Well, it's been ages since I've last been on here. Anyways I have had way too many things to do, but I am going to join the judo school near my house at least for a month or two and see how things go. Ill let everyone know how it goes. I hope for the best, wish me luck lol


----------



## Callandor (May 31, 2007)

MarkBarlow said:


> It would certainly send up a red flag for me.

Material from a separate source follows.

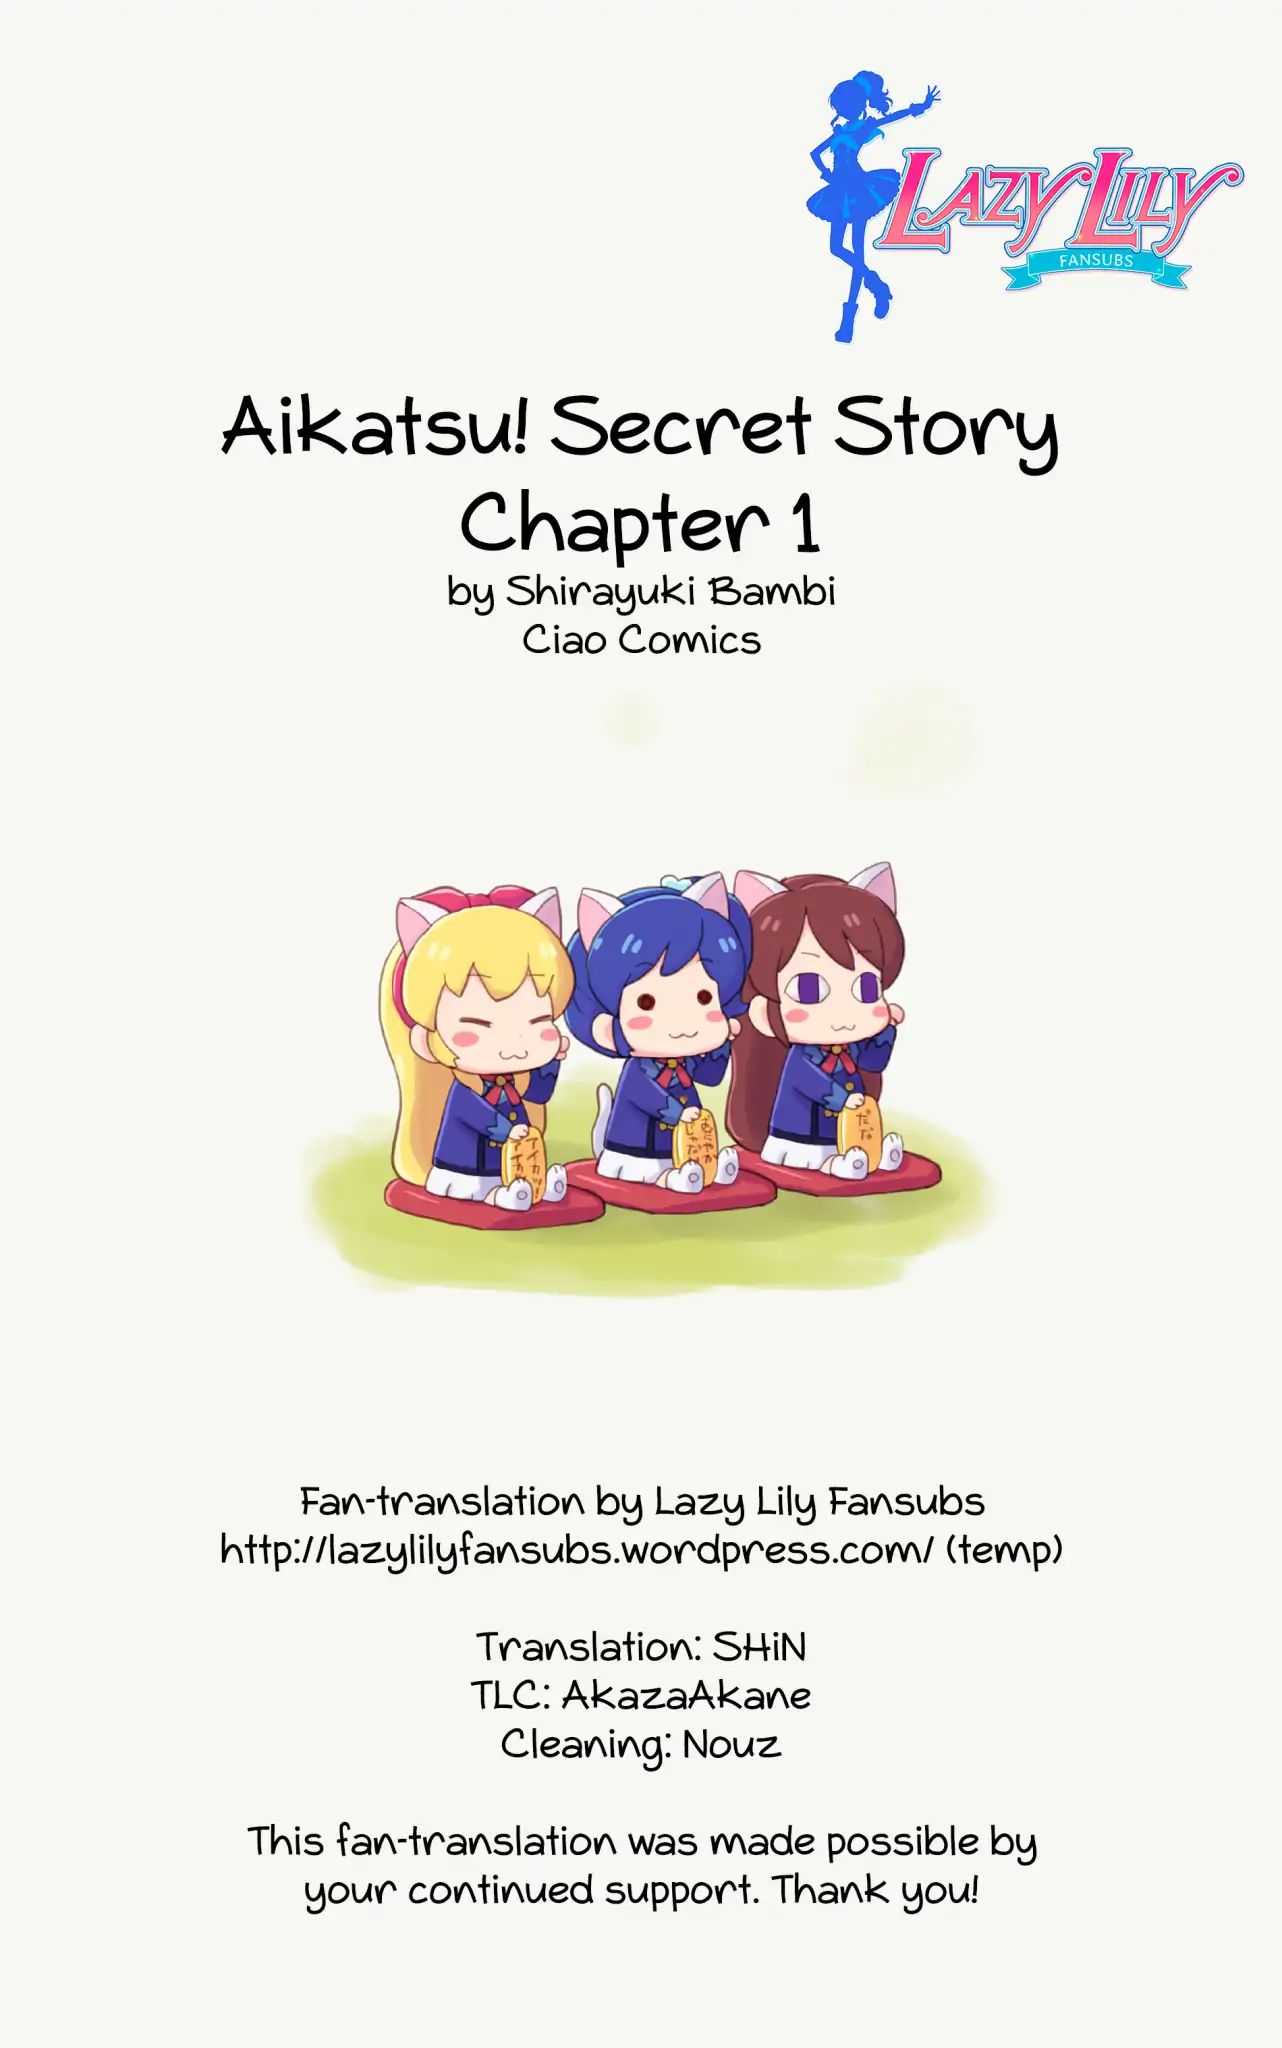 Aikatsu! Secret Story Vol.1 Chapter 1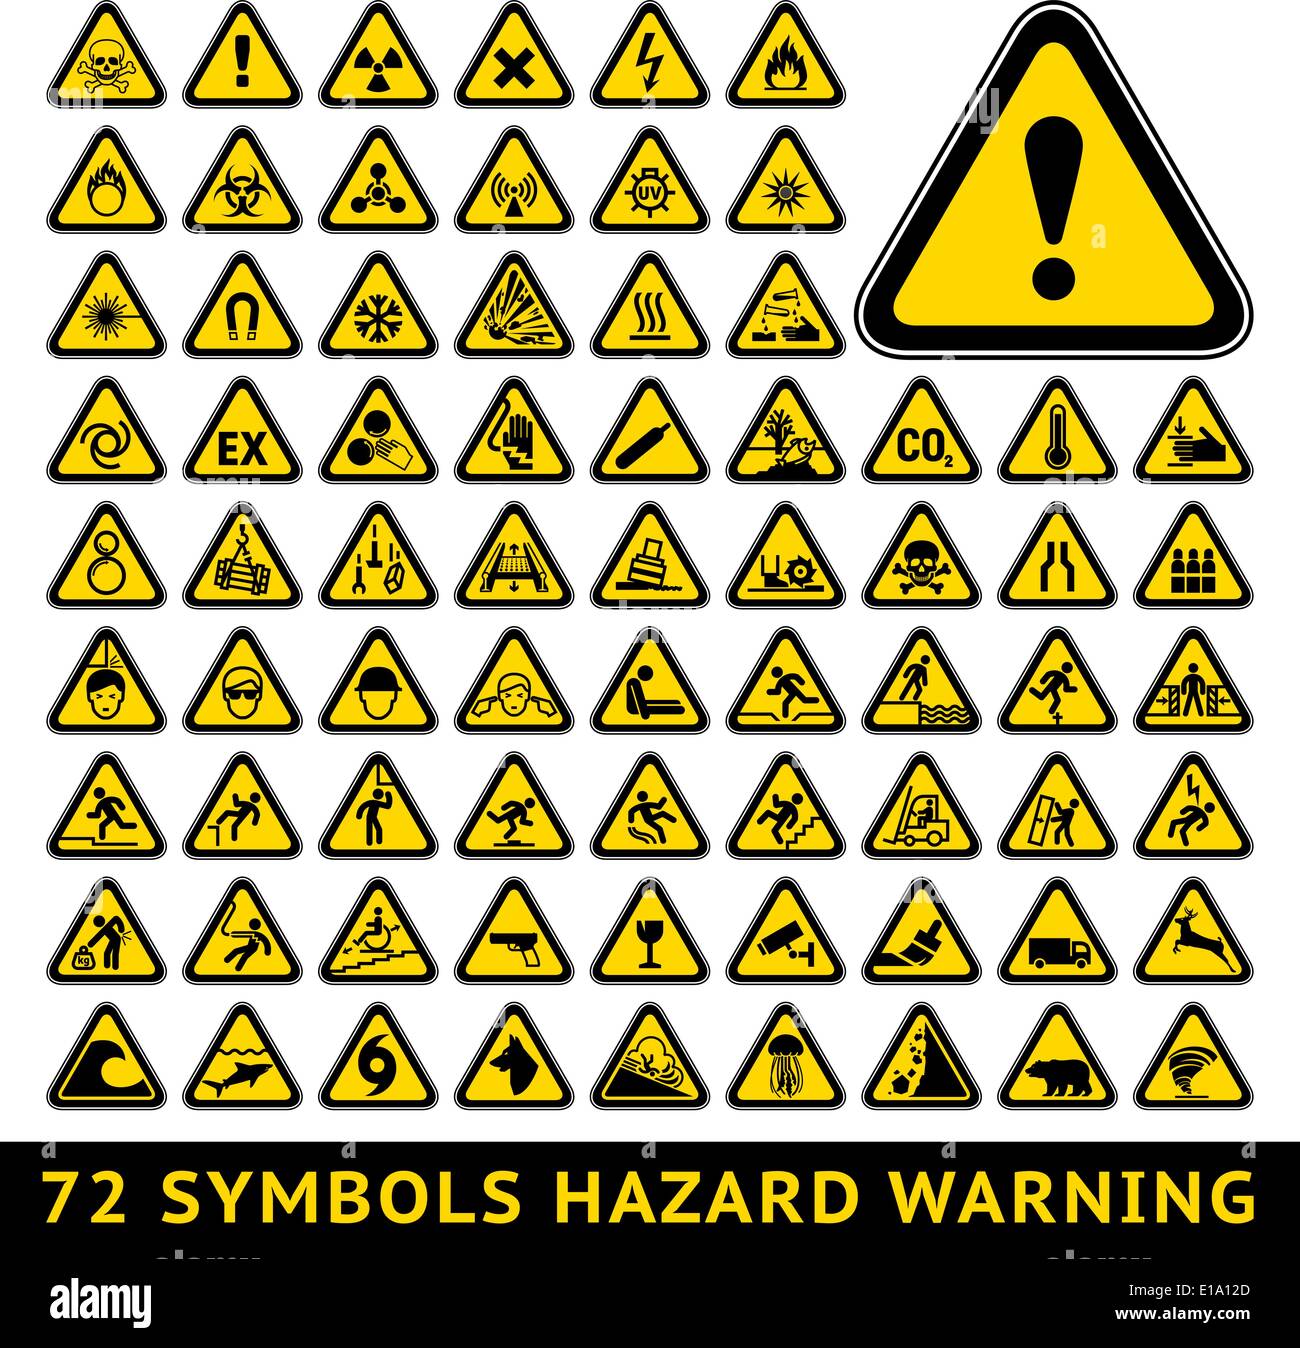 72 symbols triangular warning hazard. Big yellow set Stock Vector

Yes. If all those styles, except Aikido, are taught by one person... there's a small chance it's legit.


----------



## Kevdak (Jun 4, 2007)

Well, I went for my 1st class, I must say I enjoyed it very much. Great place. The teacher is 63 or 66 years old I can't remember. He has a black belt in Judo, Aiki-jutsu, Nin-jutsu, and Karate. The students are welcoming and very helpful. I think I have found my judo home.


----------



## arnisador (Jun 4, 2007)

Good for you!!


----------



## Kevdak (Jun 6, 2007)

Just got back from my 2nd class and 1st sparring class, I was able to defend myself from most attacks accept for a few and learned a few things from my judo partners.. I guess it is a good thing I know how to get full guard quick because I honestly believe that was the only bit that saved me from a nightmare.  Learning lots from my mistakes and acting on them.


----------